The United States is offering rewards for two suspects in the terrorist bombings in the Indonesian resort of Bali three years ago that killed more than 200 people. Both are said to be members of the regional Islamic militant group Jemaah Islamiyah.
The posting of the rewards by the State Department came only a few days after a second round of terrorist attacks aimed against tourist sites in Bali.
But officials say the timing is coincidental, and that Thursday's reward announcement follows painstaking detective work and consultations on the initial attacks.
The State Department is offering a $10 million reward, one of the biggest ever posted in the 21-year history of its rewards program, for one of the alleged masterminds of the 2002 attacks, who goes by the single name Dulmatin.
A statement issued here identified Dulmatin as an electronics specialist who trained at al-Qaida terrorist camps in Afghanistan, and said he is a senior figure in Jemaah Islamiyah.
A $1 million reward is being offered for the other suspect, Umar Patek, who the statement said served as the assistant for the field coordinator of the bombings, which targeted several crowded tourist nightclubs.

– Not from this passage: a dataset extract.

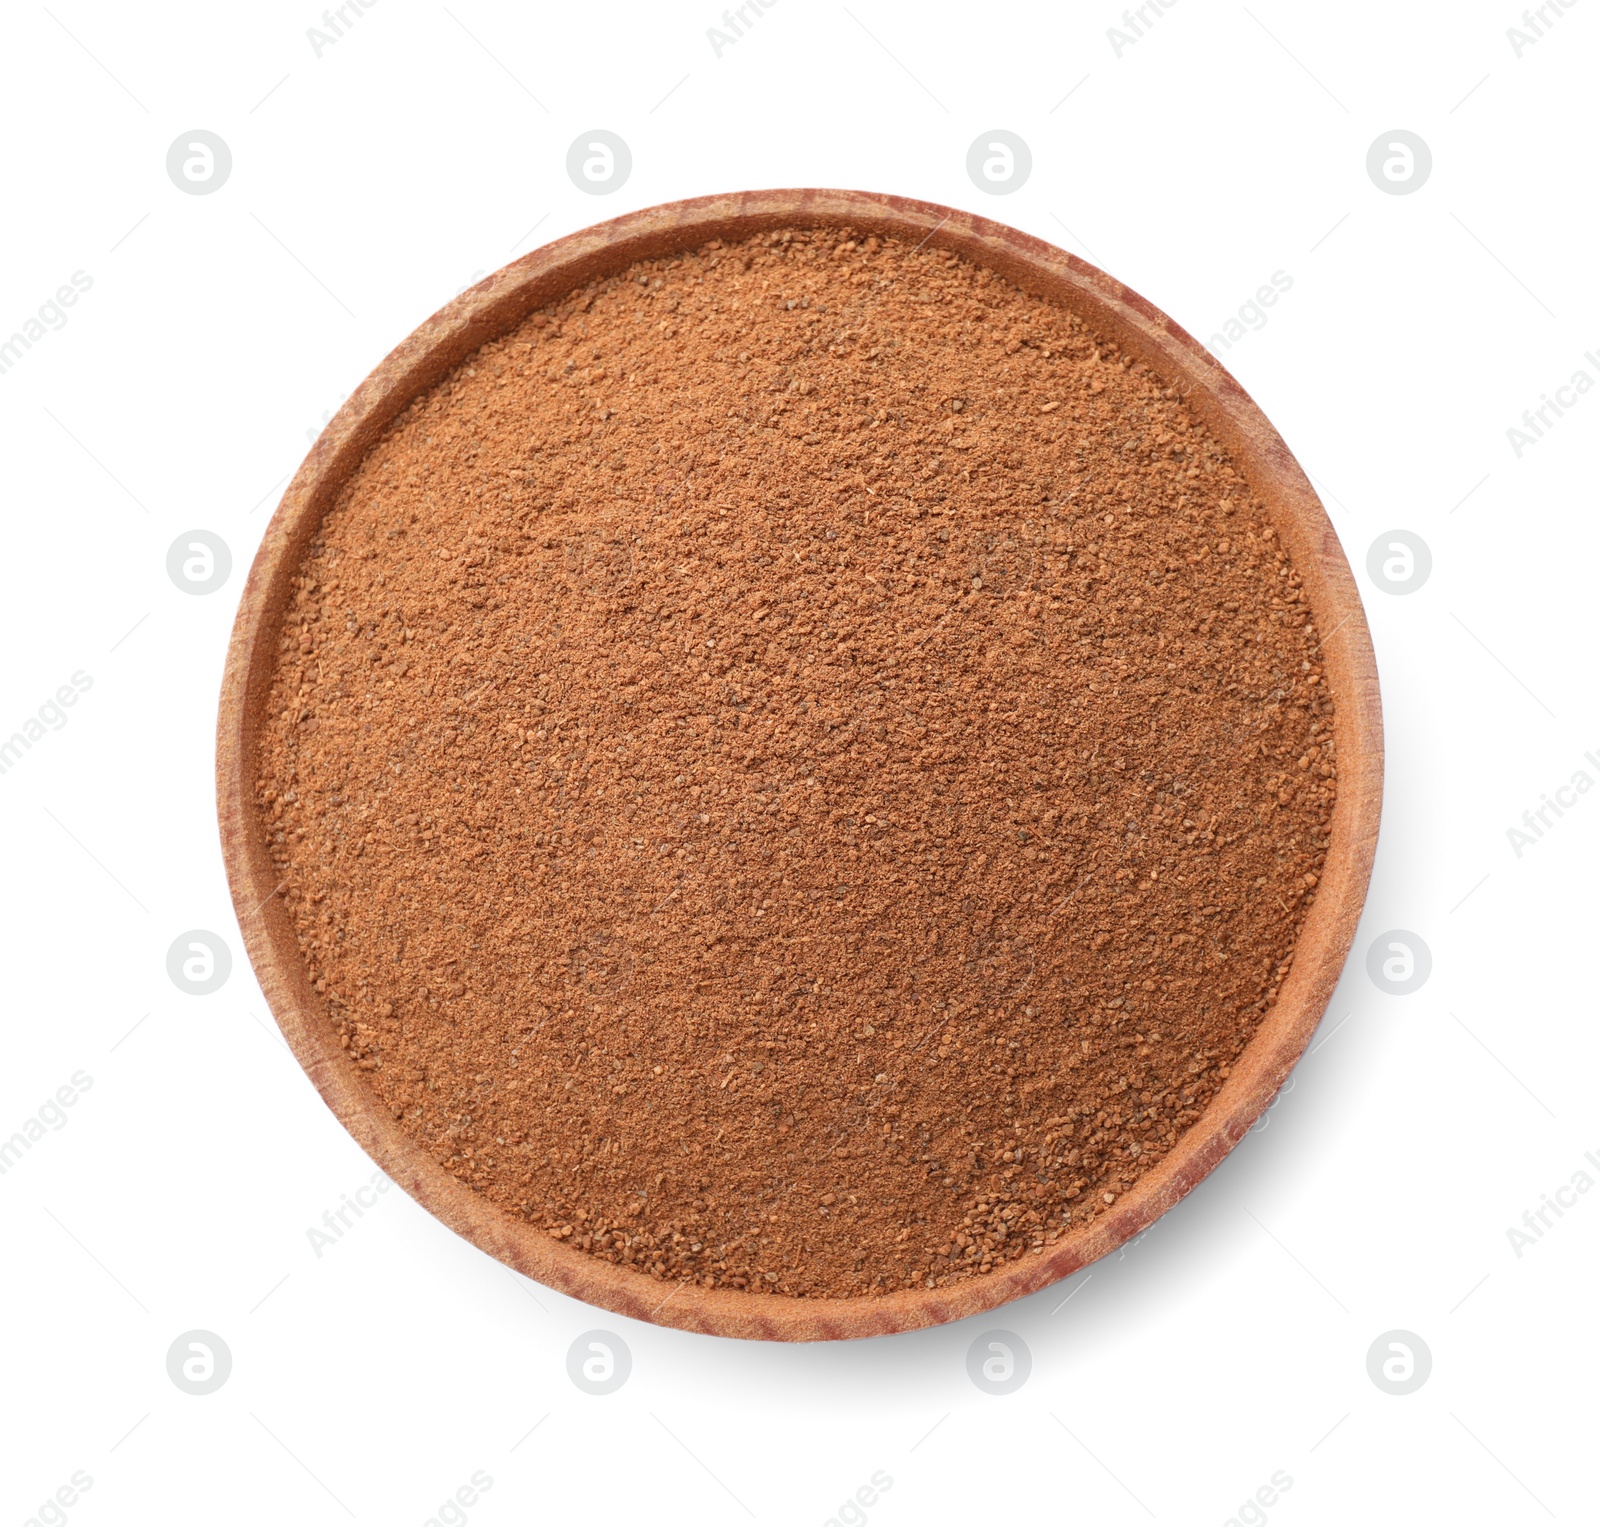 Photo of Wooden bowl with aromatic cinnamon powder isolated on white

The nationalities of the two men were not given.
The posting of the rewards came only one week short of the third anniversary of the Bali attacks, which occurred on October 12, 2002.
At a news briefing State Department Spokesman Sean McCormack said several factors contributed to the lag in the rewards announcement.
"This is a process that takes some time," said Mr. McCormack. "You want to identify the people involved in these acts. You want to be able to insure that if in fact they are caught they can be brought to justice, and that requires a bit of time, collection of information and coordination among various parts of the government."
The State Department announcement said the United States is determined to bring the two men to justice for their crimes.
It said anyone with information on their whereabouts should contact any U.S. diplomatic mission or any American military commander, or reach the staff of the State Department's Rewards for Justice program directly by telephone or e-mail.
Since its inception in 1984, the Rewards for Justice Program has paid out more than 62 million dollars to more than 40 persons who provided credible information resulting in the capture or death of terrorists, or the prevention acts of international terrorism.
The State Department said most recently, Secretary of State Condoleezza Rice authorized a five million dollar payment to an informant for the U.S. Federal Bureau of Investigation who provided assistance in the arrest and conviction of several leaders of an un-named terrorist group.
The latest Bali attacks, on October 2, killed more than 20 people and were carried out by three suicide bombers who targeted restaurants not far from the nightclubs attacked in 2002.
Officials believe the aim was to further harm the Bali tourist industry, which had not fully recovered from the earlier bombings.